We affirm. Although defendant's claim that he was not mentally competent to enter a guilty plea survives his valid, unchallenged waiver of appeal, this issue is nonetheless unpreserved for our review in the absence of an appropriate postallocution motion to withdraw his guilty plea on this ground, despite an opportunity to do so prior to the imposition of sentence (see CPL 220.60[3] ; People v. Williams, 27 N.Y.3d 212, 219–220, 32 N.Y.S.3d 17, 51 N.E.3d 528 [2016] ; People v. Davis, 150 A.D.3d 1396, 1397, 54 N.Y.S.3d 723 [2017], lv denied 30 N.Y.3d 1018, 70 N.Y.S.3d 451, 93 N.E.3d 1215 [2017] ). Moreover, contrary to defendant's contention, the narrow exception to the preservation requirement was not implicated, as defendant did not make any statements during his plea allocution or at sentencing that were inconsistent with his guilt or otherwise called into question the voluntariness of his plea (see People v. Lopez, 71 N.Y.2d 662, 666, 529 N.Y.S.2d 465, 525 N.E.2d 5 [1988] ; People v. Velazquez, 125 A.D.3d 1063, 1063–1064, 3 N.Y.S.3d 193 [2015], lv denied 25 N.Y.3d 993, 10 N.Y.S.3d 536, 32 N.E.3d 973 [2015] ; People v. Chavis, 117 A.D.3d 1193, 1194, 987 N.Y.S.2d 111 [2014] ).
In any event, were defendant's claim properly before us, we would not discern any indication in the record that defendant suffered from a mental defect that impacted the voluntariness of his plea.

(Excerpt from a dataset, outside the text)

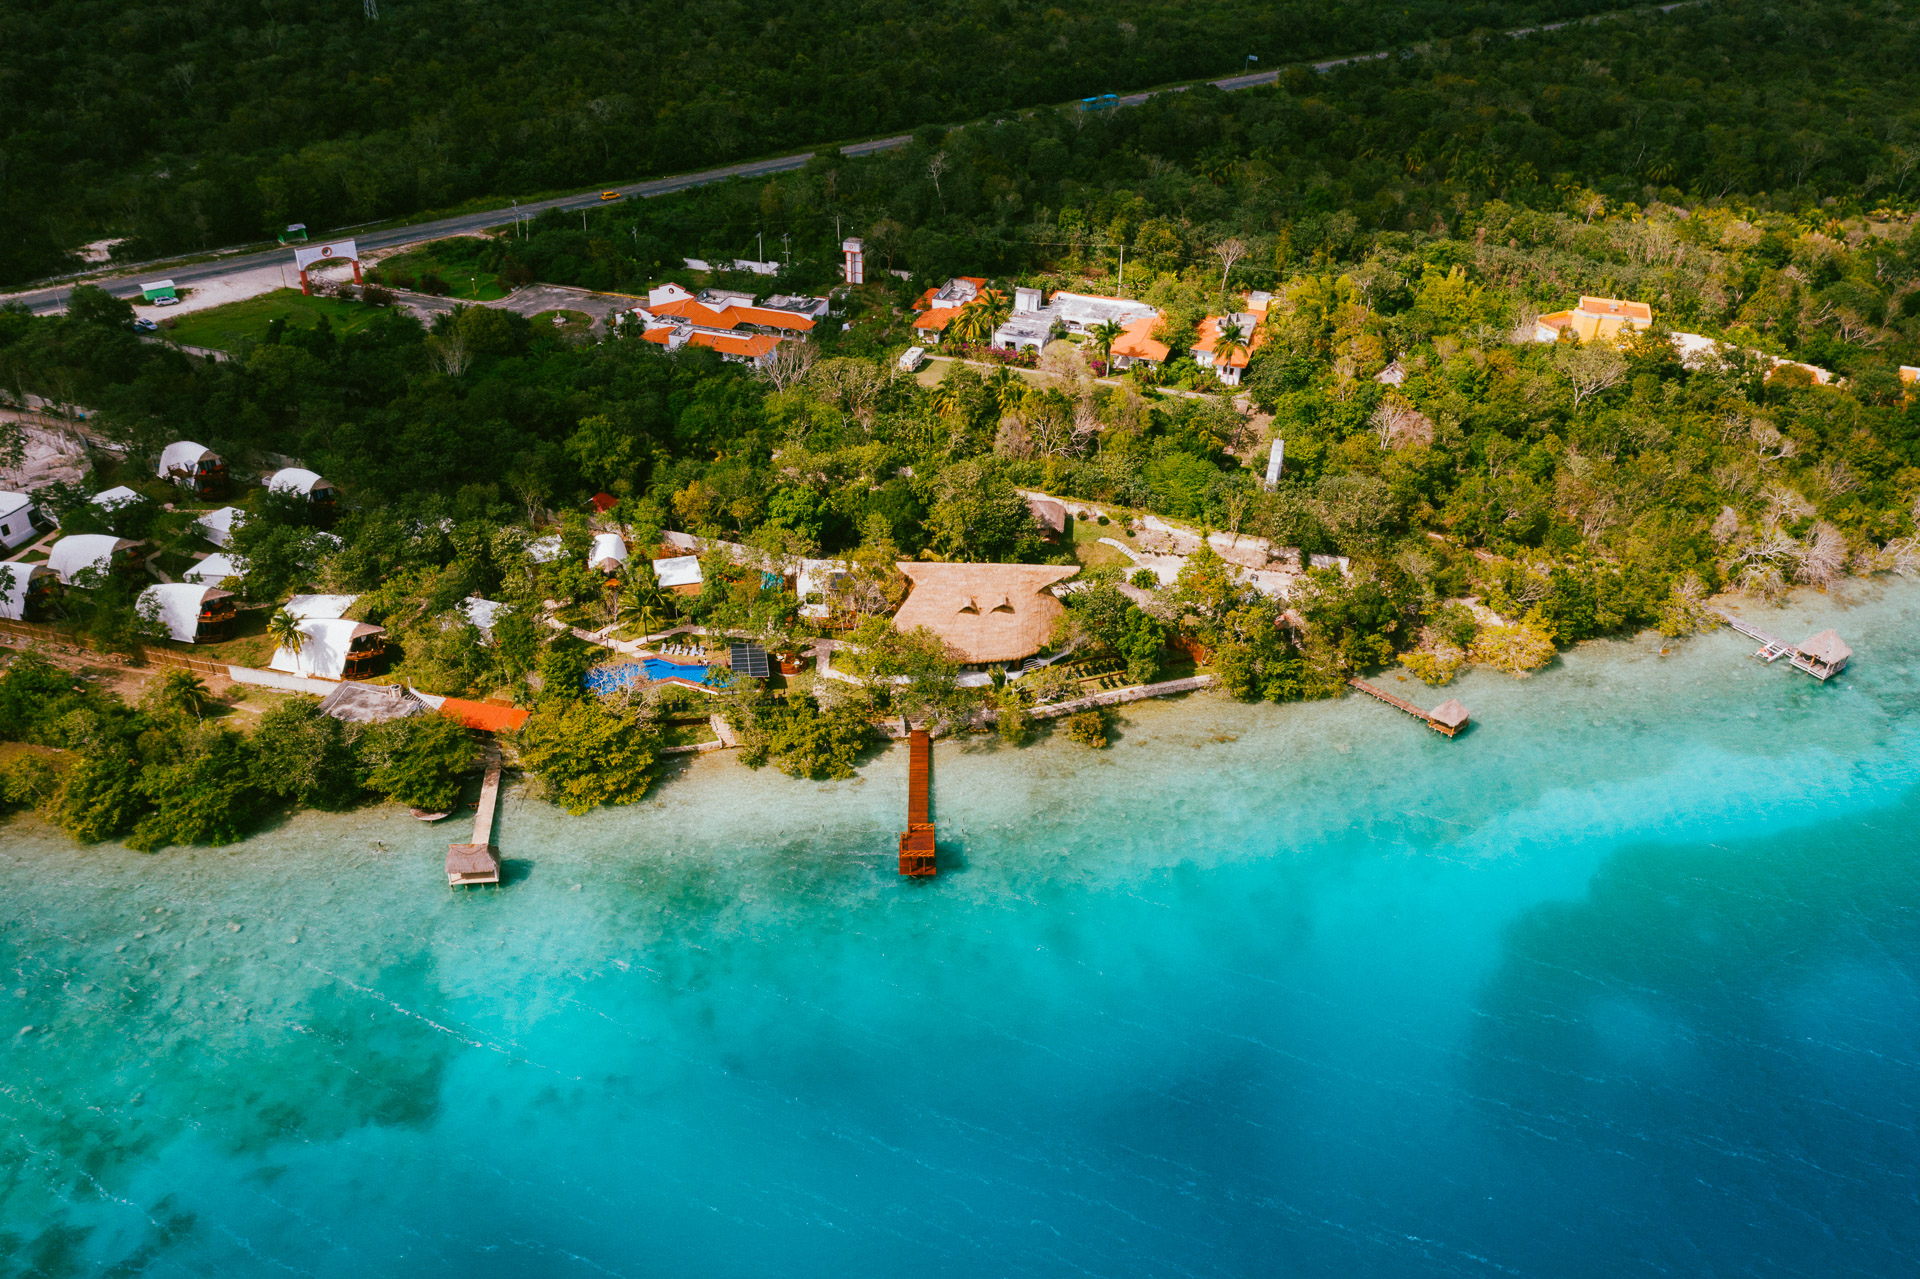 mexico-luxury-hotel-photographer-riviera-maya-mia-bacalar-18.jpg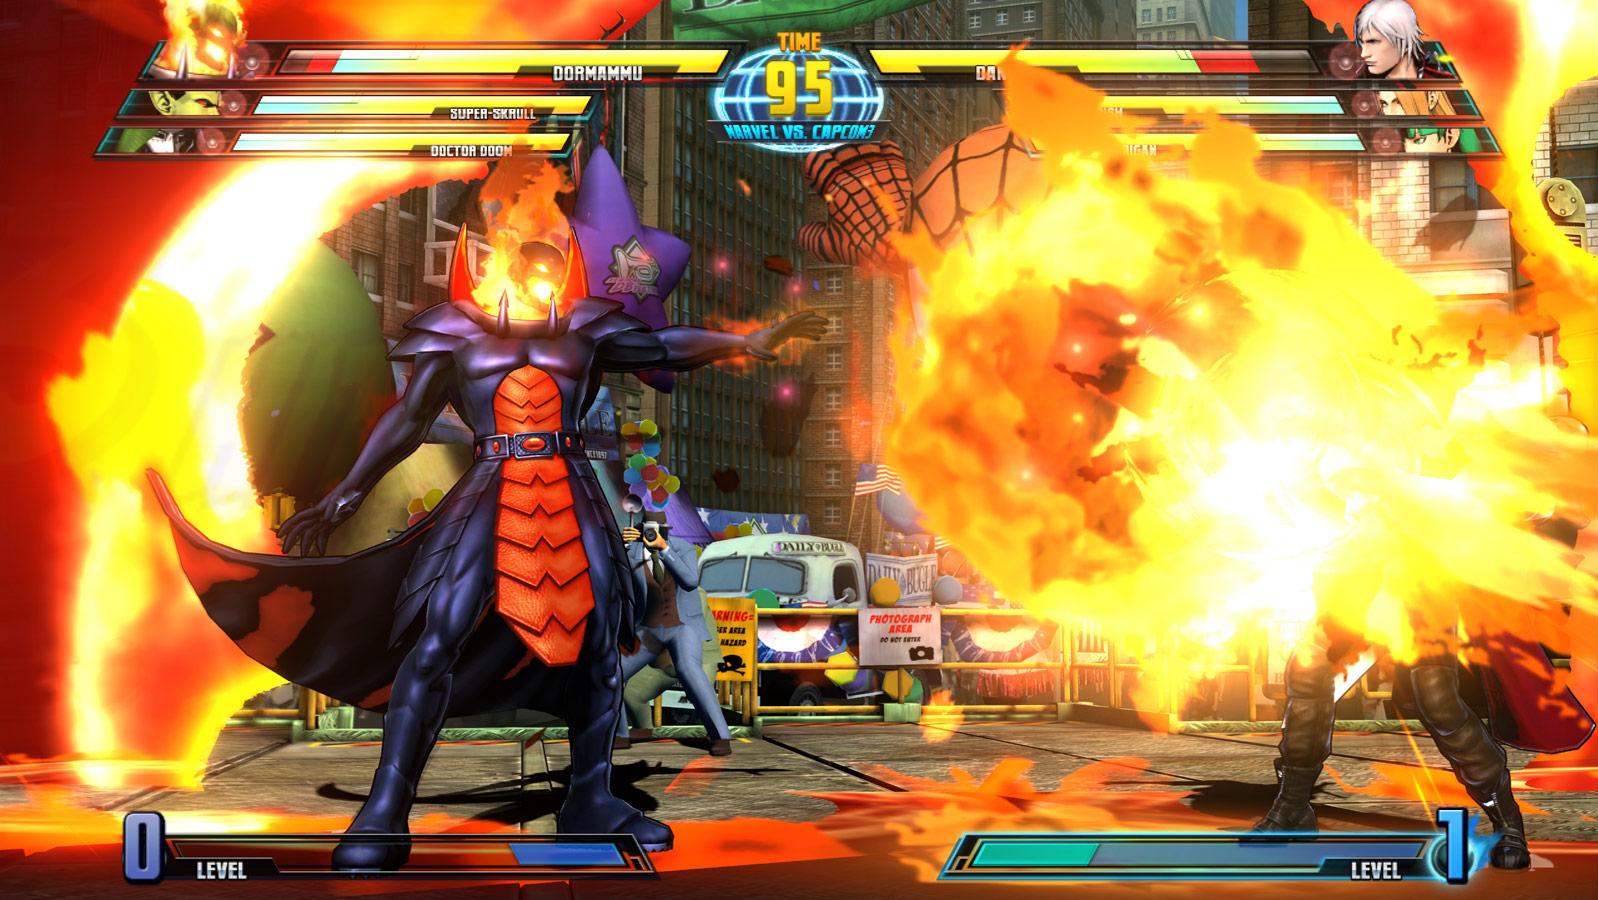 Marvel vs. Capcom 3 screen shot Aug. 18 image #8

Defendant's history of mental illness, by itself, did not render him incompetent to enter a knowing and voluntary plea (see People v. Chavis, 117 A.D.3d at 1194, 987 N.Y.S.2d 111 ; People v. Gomez, 72 A.D.3d 1337, 1338, 899 N.Y.S.2d 435 [2010] ) or necessitate a CPL article 730 hearing (see CPL 730.10[1] ; People v. Park, 159 A.D.3d 1132, 1133, 72 N.Y.S.3d 242 [2018], lv denied 31 N.Y.3d 1085, 79 N.Y.S.3d 107, 103 N.E.3d 1254, 2018 WL 2939575 [May 30, 2018] ; People v. Stover, 123 A.D.3d 1232, 1233, 999 N.Y.S.2d 221 [2014], lv denied 26 N.Y.3d 936, 17 N.Y.S.3d 99, 38 N.E.3d 845 [2015] ). Further, during the plea colloquy, defendant confirmed that he understood the proceedings and denied being under the influence of any medication or having any "medical or mental health condition" that interfered with his ability to understand what was transpiring (see People v. Stover, 123 A.D.3d at 1233, 999 N.Y.S.2d 221 ; People v. Guyette, 121 A.D.3d 1430, 1431, 995 N.Y.S.2d 395 [2014], lv denied 27 N.Y.3d 998, 38 N.Y.S.3d 108, 59 N.E.3d 1220 [2016] ; People v. Vandemark, 117 A.D.3d 1339, 1340, 986 N.Y.S.2d 684 [2014], lv denied 24 N.Y.3d 965, 996 N.Y.S.2d 224, 20 N.E.3d 1004 [2014] ; People v. Chavis, 117 A.D.3d at 1194, 987 N.Y.S.2d 111 ). To the extent that defendant claims that the sentence imposed was harsh and excessive, appellate review of this claim is precluded by his unchallenged waiver of appeal (see People v. Perkins, 140 A.D.3d 1401, 1403, 33 N.Y.S.3d 584 [2016], lv denied 28 N.Y.3d 1126, 51 N.Y.S.3d 22, 73 N.E.3d 362 [2016] ; People v. Hall, 135 A.D.3d 1246, 1246, 23 N.Y.S.3d 725 [2016], lv denied 27 N.Y.3d 998, 38 N.Y.S.3d 108, 59 N.E.3d 1220 [2016] ). Defendant's remaining contentions have been examined and found to be without merit.
ORDERED that the judgment is affirmed.
Egan Jr., J.P., Lynch, Mulvey and Pritzker, JJ., concur.